In thirty years she never once mentioned the servants to him.

"Oh, let eternal honor crown her name!"

It was only a little bit of heel that Dard had left in Prussia. More fortunate than his predecessor (Achilles), he got off with a slight but enduring limp. And so the army lost him.

He married Jacintha, and Josephine set them up in Bigot's, (deceased) auberge. Jacintha shone as a landlady, and custom flowed in. For all that, a hankering after Beaurepaire was observable in her. Her favorite stroll was into the Beaurepaire kitchen, and on all fetes and grand occasions she was prominent in gay attire as a retainer of the house. The last specimen of her homely sagacity I shall have the honor to lay before you is a critique upon her husband, which she vented six years after marriage.

"My Dard," said she, "is very good as far as he goes. What he has felt himself, that he can feel FOR: nobody better. You come to him with an empty belly, or a broken head, or all bleeding with a cut, or black and blue, and you shall find a friend. But if it is a sore heart, or trouble, and sorrow, and no hole in your carcass to show for it, you had better come to ME; for you might as well tell your grief to a stone wall as to my man."

The baroness took her son Raynal to Paris, and there, with keen eye, selected him a wife. She proved an excellent one. It would have been hard if she had not, for the baroness with the severe sagacity of her age and sex, had set aside as naught a score of seeming angels, before she could suit herself with a daughter-in-law. At first the Raynals very properly saw little of the Dujardins; but when both had been married some years, the recollection of that fleeting and nominal connection waxed faint, while the memory of great benefits conferred on both sides remained lively as ever in hearts so great, and there was a warm, a sacred friendship between the two houses--a friendship of the ancient Greeks, not of the modern club-house.

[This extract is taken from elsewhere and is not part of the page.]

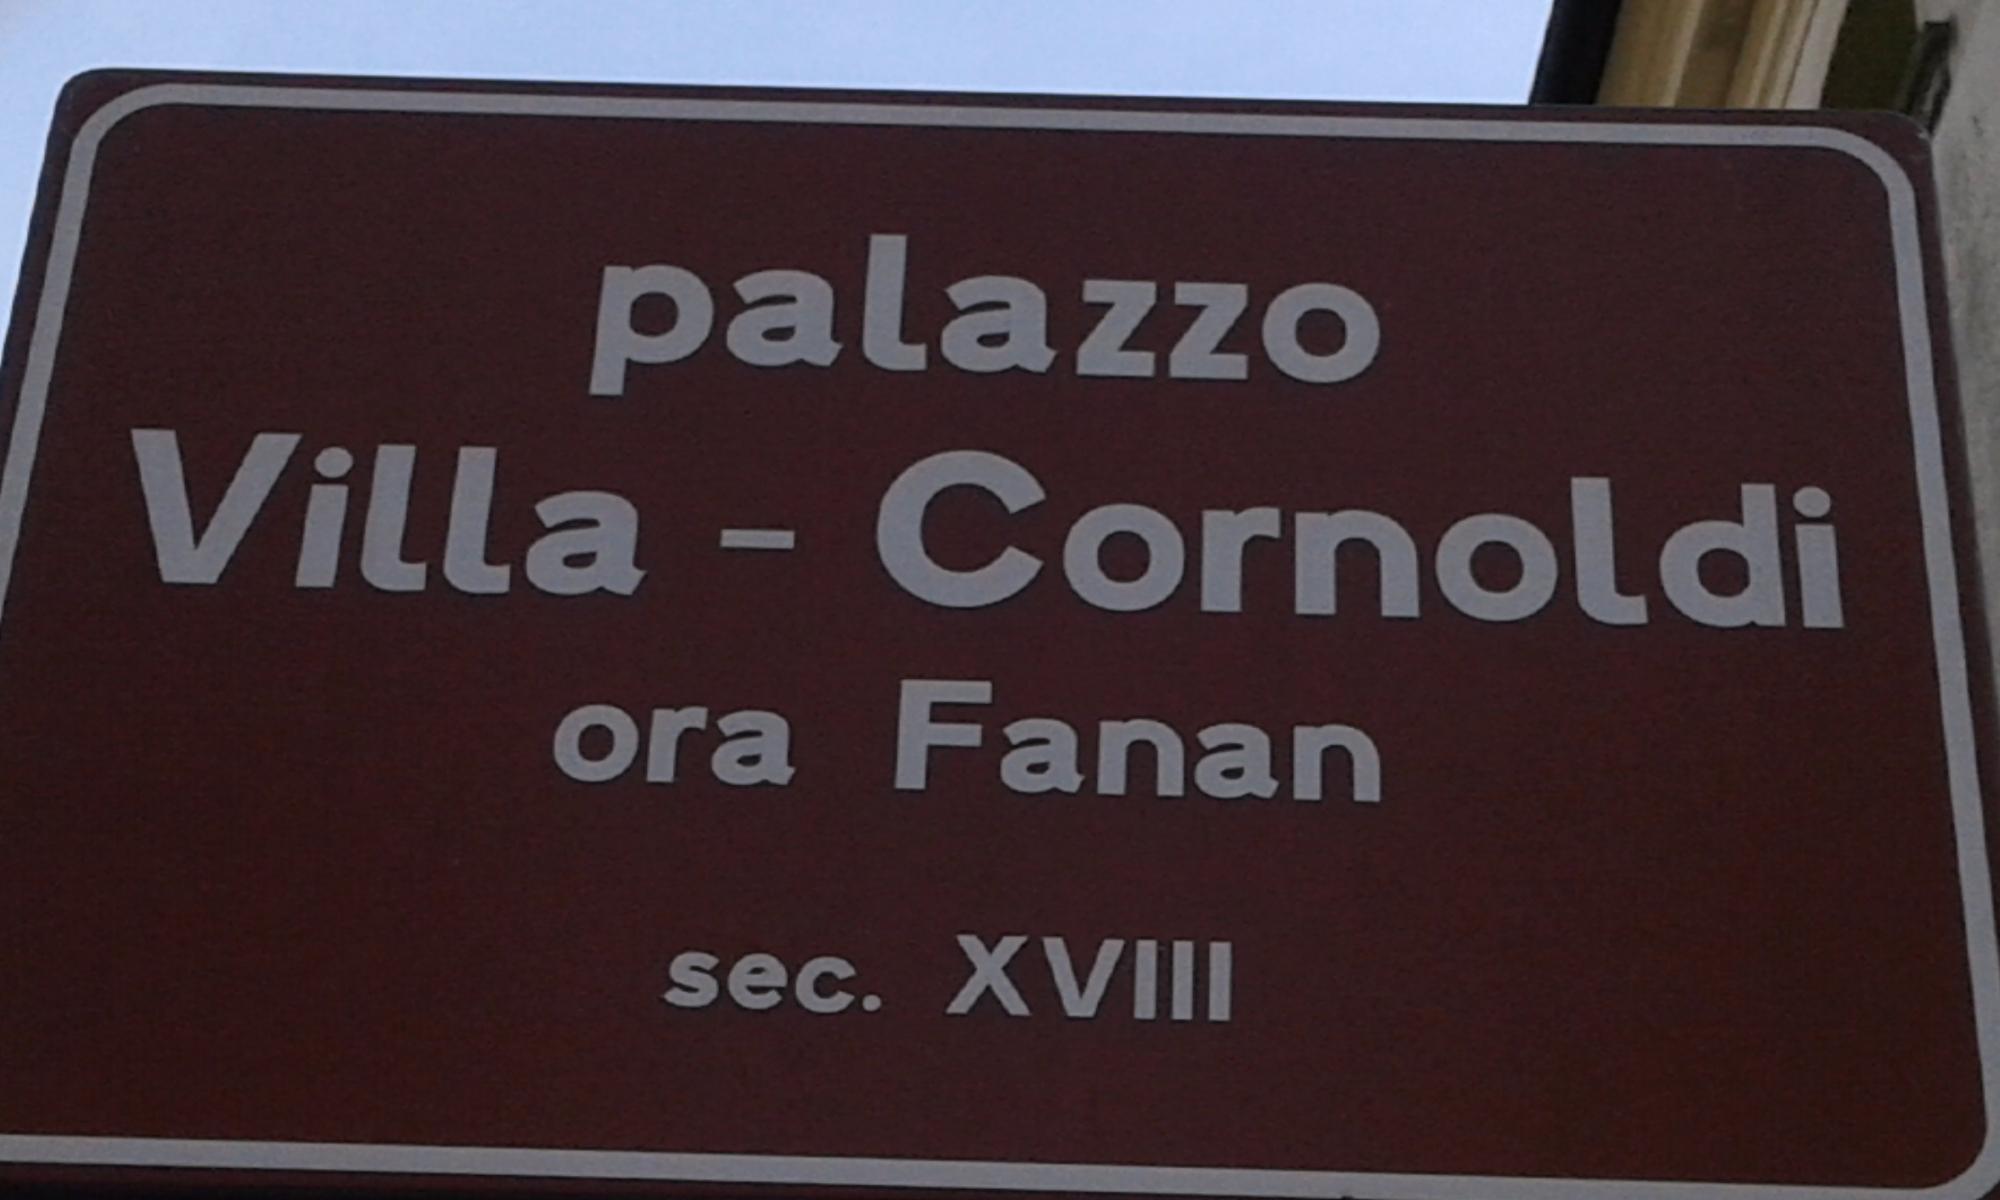 Palazzetto Dei Villa, Cornoldi - Ora Fanan - Villa Della Carboneria

Camille and Josephine were blessed almost beyond the lot of humanity: none can really appreciate sunshine but those who come out of the cold dark. And so with happiness. For years they could hardly be said to live like mortals: they basked in bliss. But it was a near thing; for they but just scraped clear of life-long misery, and death's cold touch grazed them both as they went.

Yet they had heroic virtues to balance White Lies in the great Judge's eye.

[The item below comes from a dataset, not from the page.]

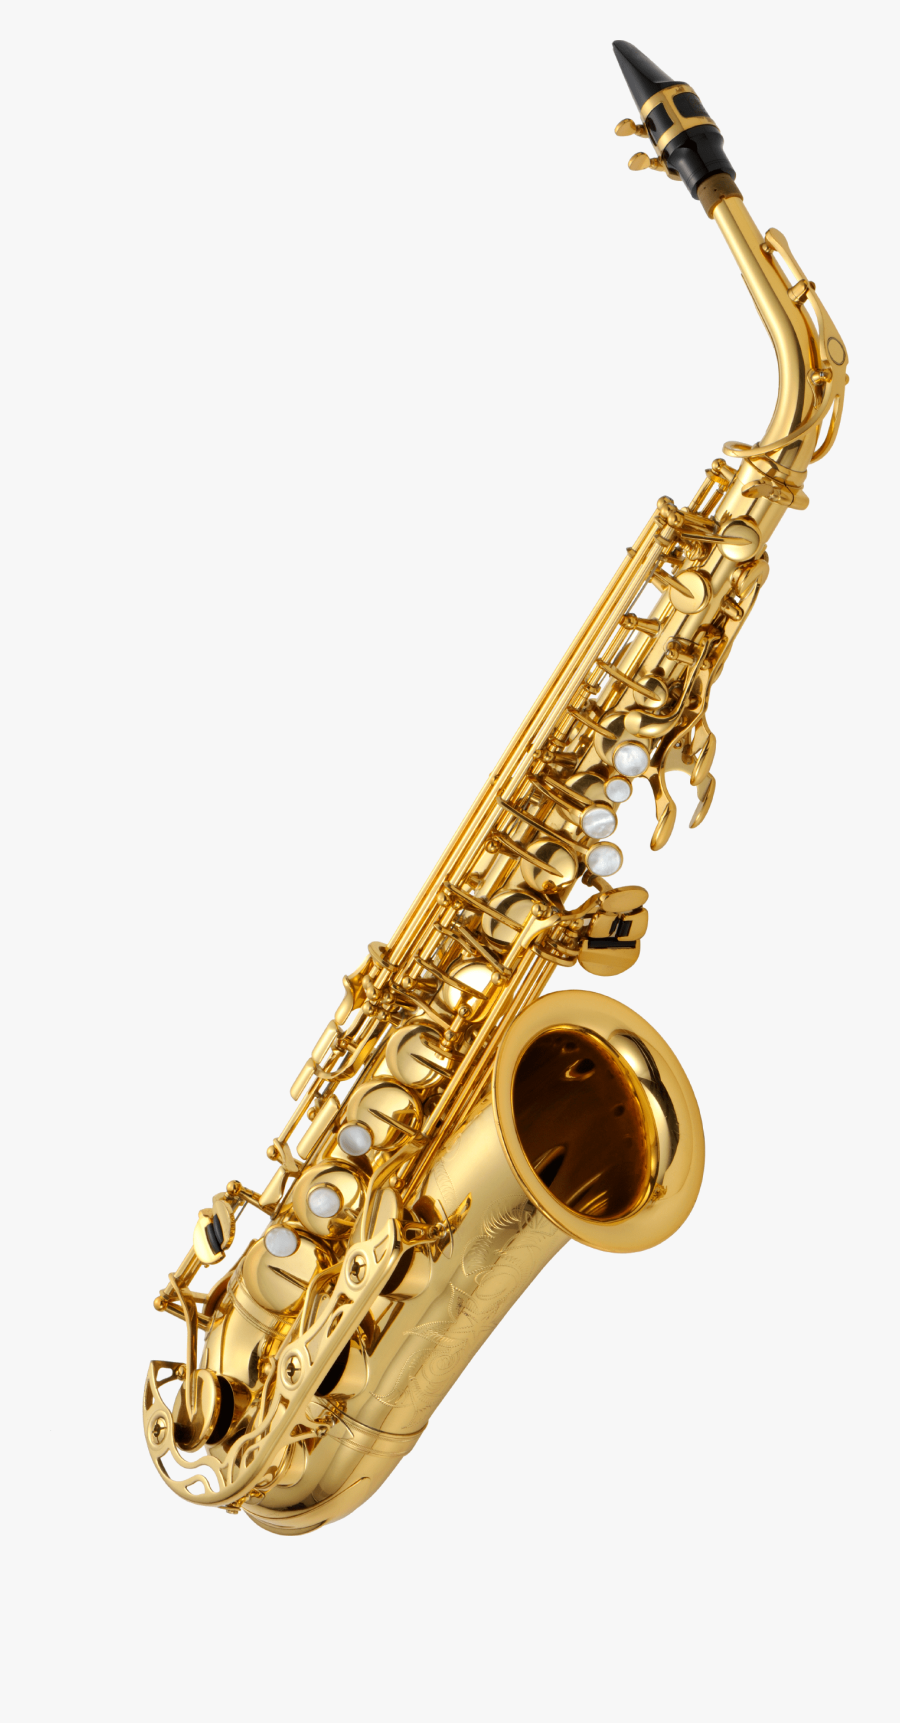 Saxophone Png, Transparent Clipart

A wholesome lesson, therefore, and a warning may be gathered from this story: and I know many novelists who would have preached that lesson at some length in every other chapter, and interrupted the sacred narrative to do it. But when I read stories so mutilated, I think of a circumstance related by Mr. Joseph Miller.

"An Englishman sojourning in some part of Scotland was afflicted with many hairs in the butter, and remonstrated. He was told, in reply, that the hairs and the butter came from one source--the cow; and that the just and natural proportions hitherto observed, could not be deranged, and bald butter invented--for ONE. 'So be it,' said the Englishman; 'but let me have the butter in one plate, and the hairs in another.'"

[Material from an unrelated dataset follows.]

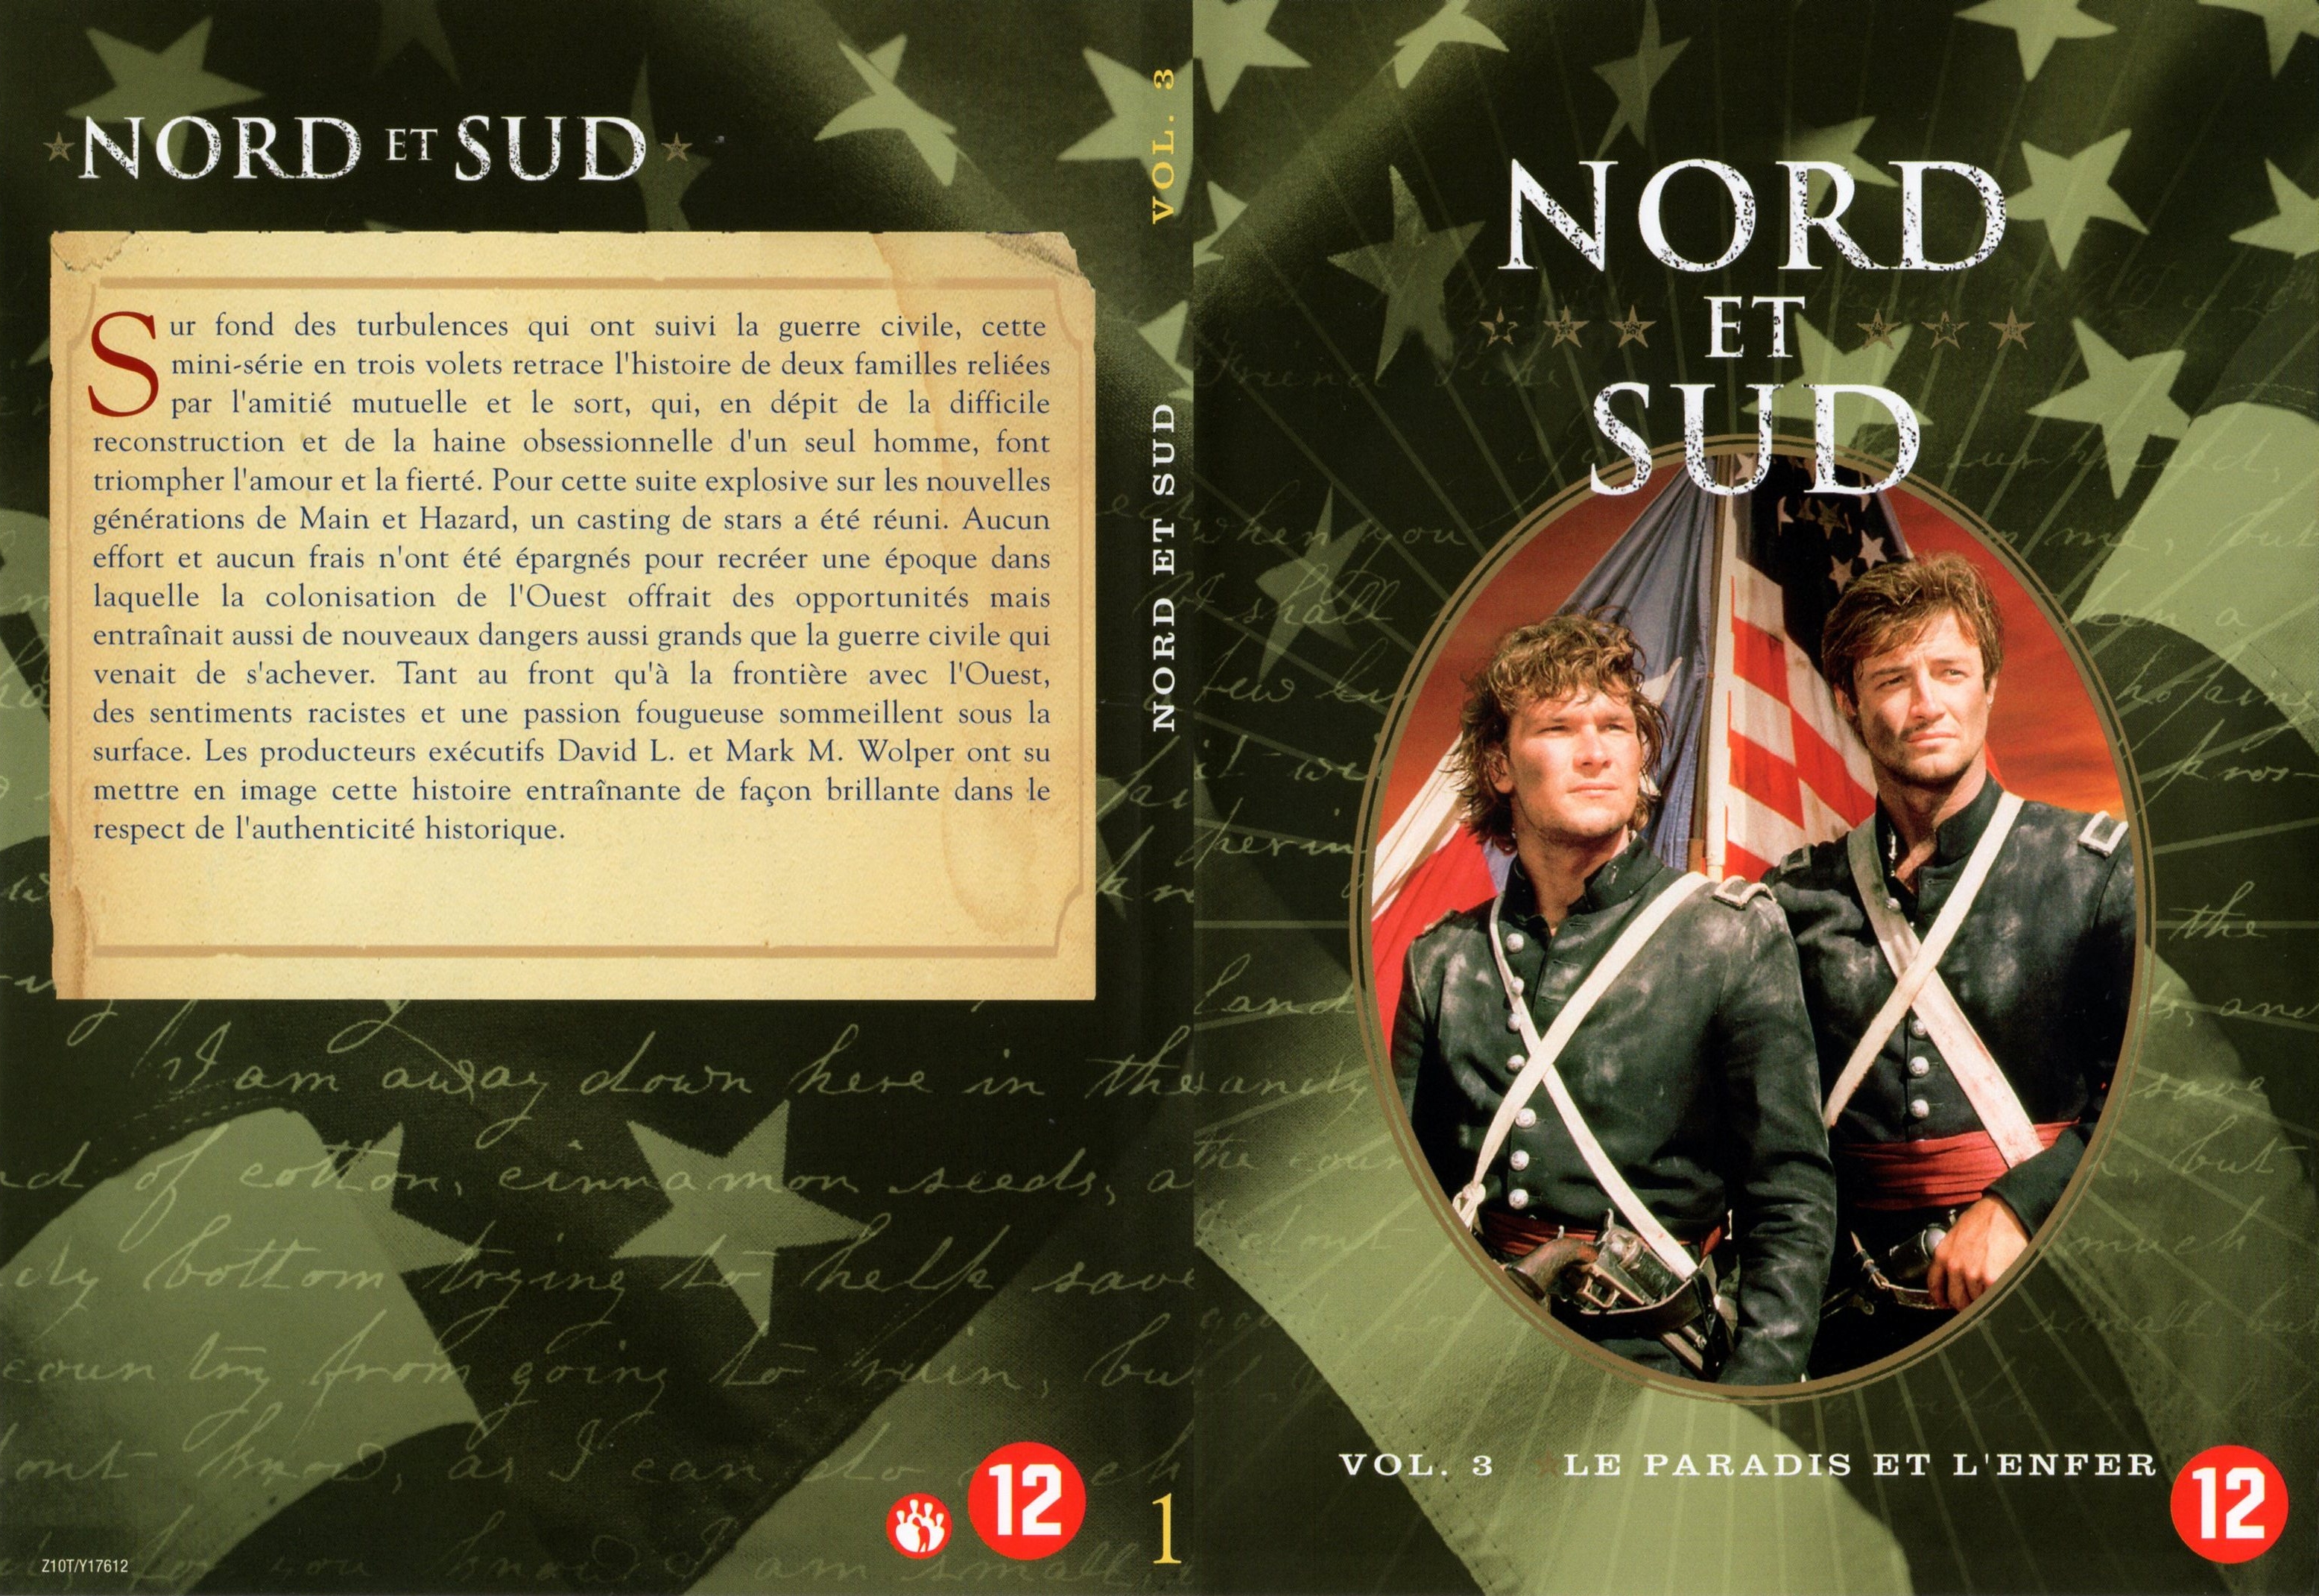 Jaquette DVD Nord et sud vol 3 dvd 1

Acting on this hint, I have reserved some admirable remarks, reflections, discourses, and tirades, until the story should be ended, and the other plate be ready for the subsidiary sermon.

And now that the proper time is come, that love of intruding one's own wisdom in one's own person on the reader, which has marred so many works of art, is in my case restrained--first, by pure fatigue; secondly, because the moral of this particular story stands out so clear in the narrative, that he who runs may read it without any sermon at all.

Those who will not take the trouble to gather my moral from the living tree, would not lift it out of my dead basket: would not unlock their jaw-bones to bite it, were I to thrust it into their very mouths.